IIRC what #6 uncovered was that the external plugin still imported the nvidia stuff from nomad, the act of which was enough to trigger an init block causing ??> bad things to happen. We may just need to finally cut a release with all the changes on the plugin side; let me try.

shoenig avatar Nov 03 '22 14:11 shoenig

Hi @tgross , I encountered the same problem today, by researching the code, I found that the Devices was not successfully updated in batchFirstFingerprints, maybe I can help fix it, so I made a PR, can you review it when you have time?

vuuihc avatar Nov 03 '22 17:11 vuuihc

Ah nice find @vuuihc, indeed this looks like fallout from https://github.com/hashicorp/nomad/pull/14139.
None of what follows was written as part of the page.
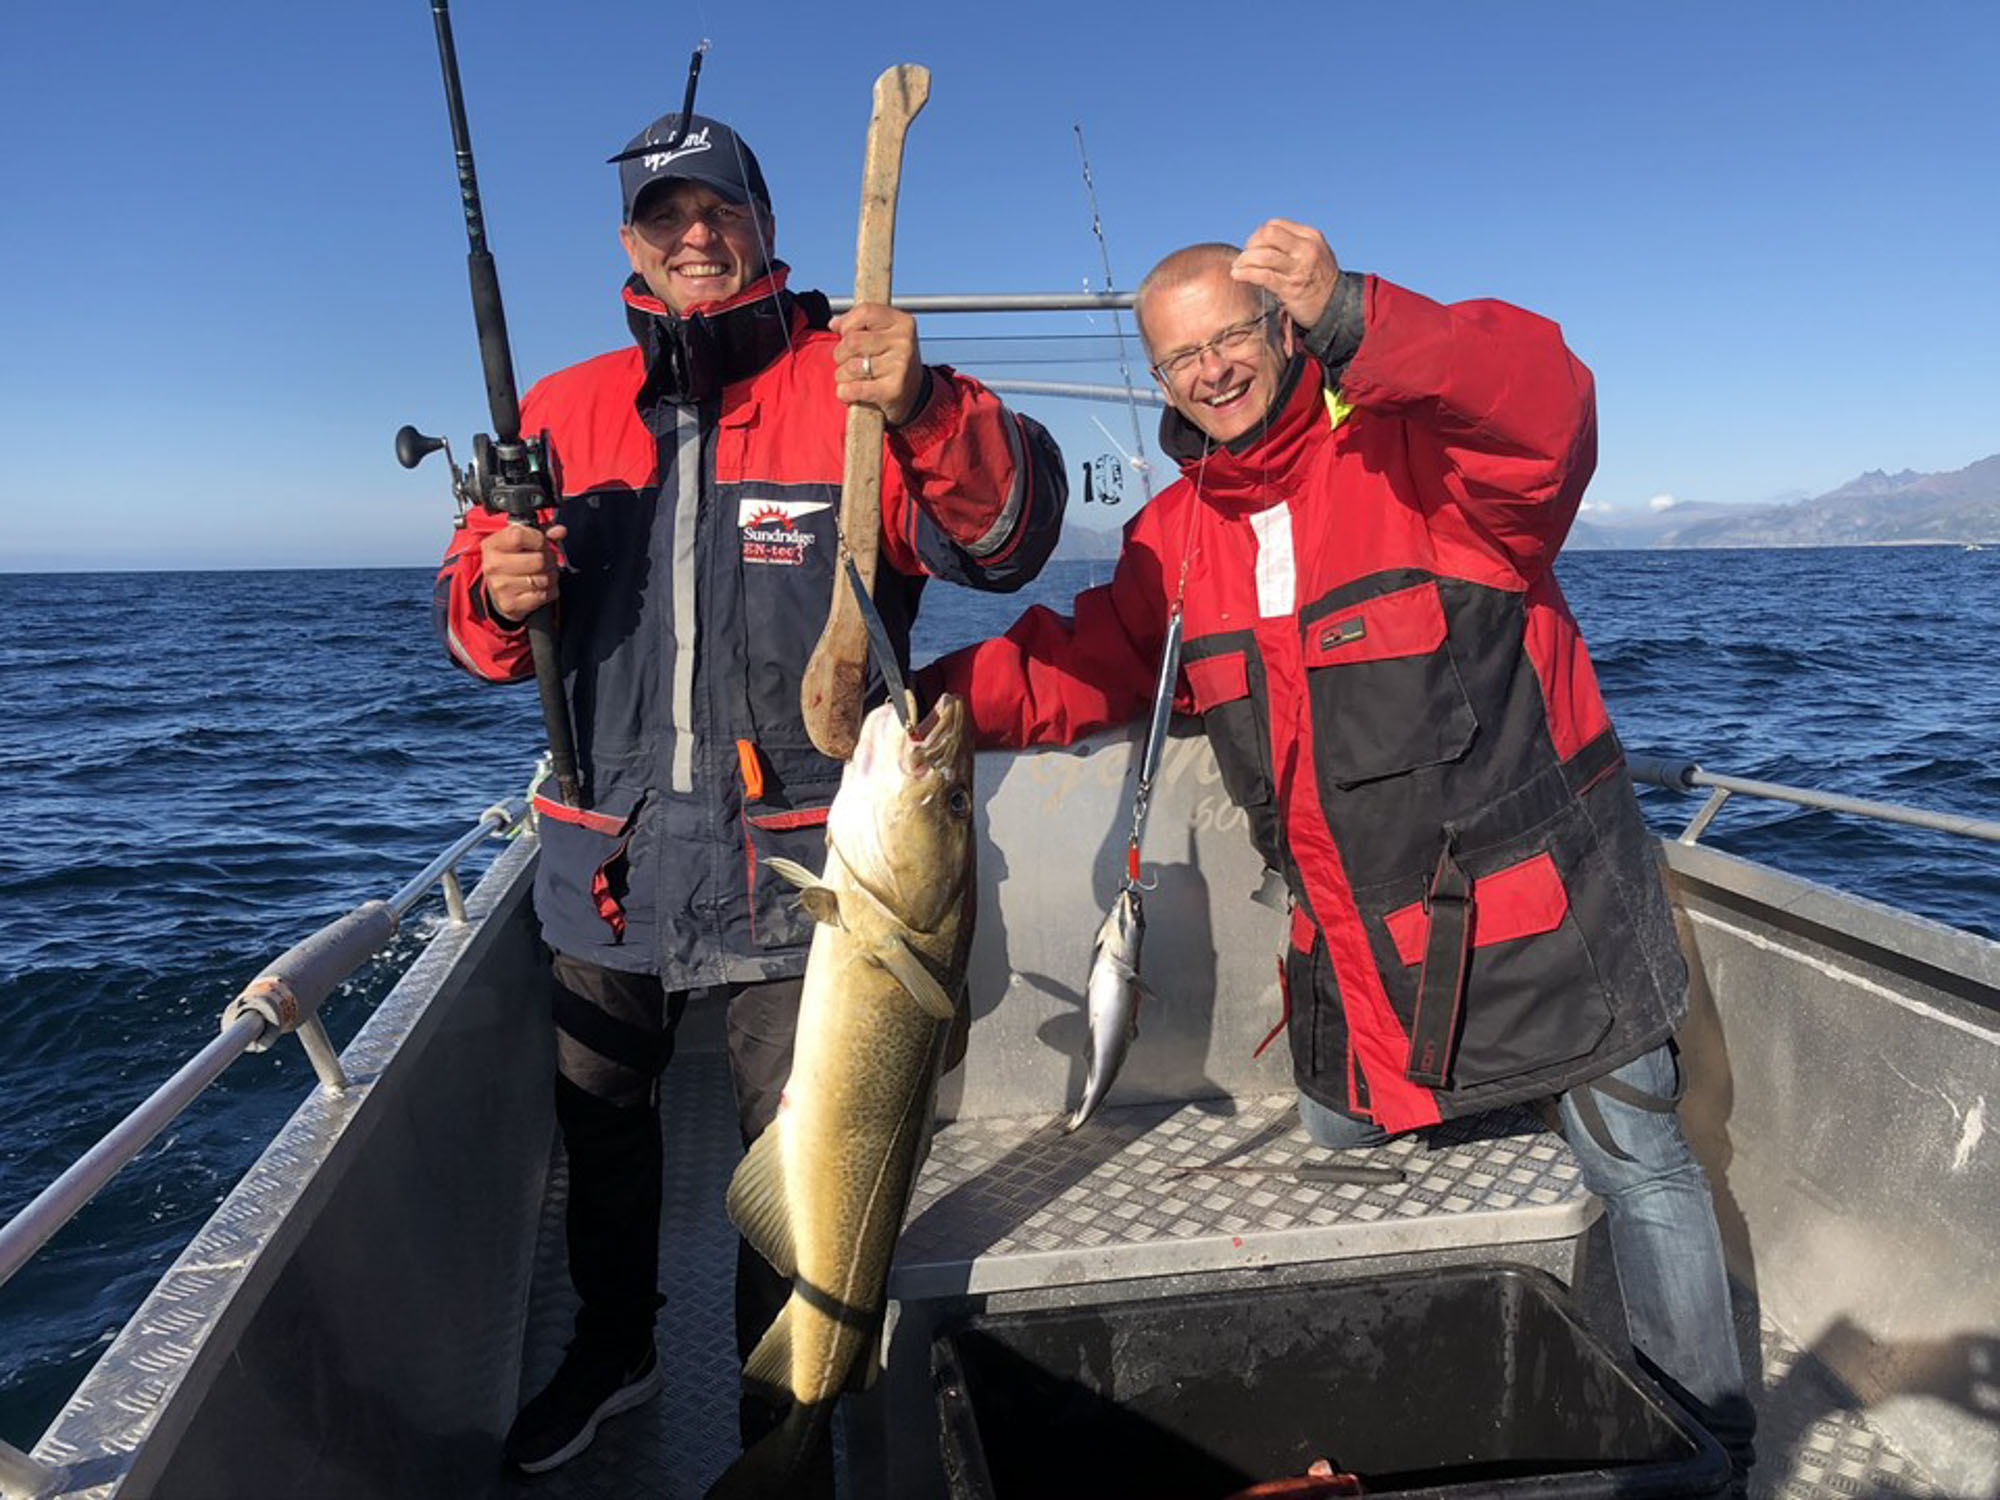 Glade venner på fisketur

shoenig avatar Nov 03 '22 18:11 shoenig

Thanks for investigating and the PR @vuuihc! Fix should go out in the next releases of 1.4.x, 1.3.x, and 1.2.x

shoenig avatar Nov 03 '22 21:11 shoenig

I'm going to lock this issue because it has been closed for 120 days ⏳. This helps our maintainers find and focus on the active issues. If you have found a problem that seems similar to this, please open a new issue and complete the issue template so we can capture all the details necessary to investigate further.

github-actions[bot] avatar Mar 04 '23 02:03 github-actions[bot]